AH: Duncan Artus, the new Chief Investment Officer designate, because he only takes over in September. Dave Shapiro, before we asked Duncan Artus about various bits and pieces in his new role, have you got anything to ask now that he's going to be the guy who looks after these gazillions that are entrusted to Allan Gray?

DS: I'm a great Allan Gray follower. I get all their documents, etc. and they're true to where they've always been and always had a very specific style of investing. You have to ask Duncan as CIO, if he's going to move off this path or whether he's still going to remain loyal to the way that I have always managed portfolios, especially the kind of environment that we find ourselves now?

DA: Yes, we've been doing the same thing for almost 47 years and most asset managers that are independent of a life company or investment bank don't last that long. Some people move, some people start fighting. You have periods of underperformance and outperforming the benchmark is hard over long periods of time.

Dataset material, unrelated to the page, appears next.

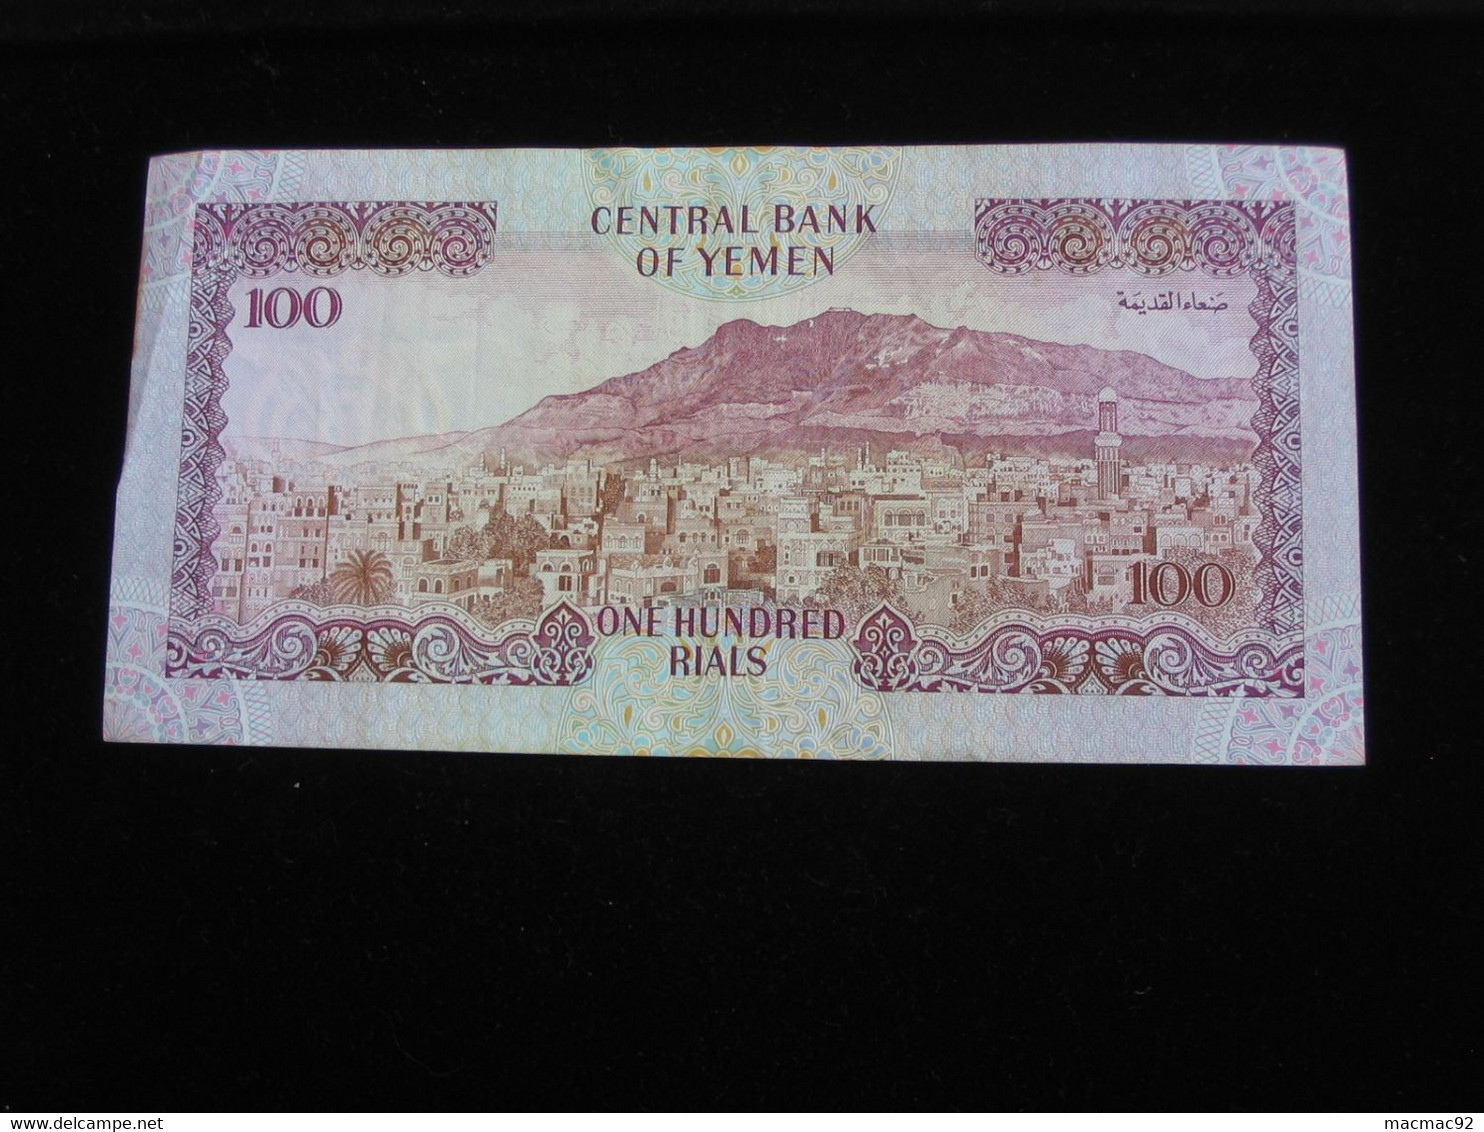 YEMEN  - 100 Five Hundred Rials 1997 - Central Bank Of Yemen   **** EN ACHAT IMMEDIAT ***** - Yémen

What's worked for 45 years, would you want to change it? No, but we're always making incremental changes. If you look in South Africa each little bit you outperform is more valuable than it was when I started. There are a lot more good competitors and the South African equity market has got a lot more competitors about. So every little incremental improvement you can make to your process, a good example for us is a fixed income fund. People think of us as equity and balanced managers, but our best performance over the last year has come from our fixed interest portion of the portfolio. We spent a lot of time improving the process. It's all about improving processes.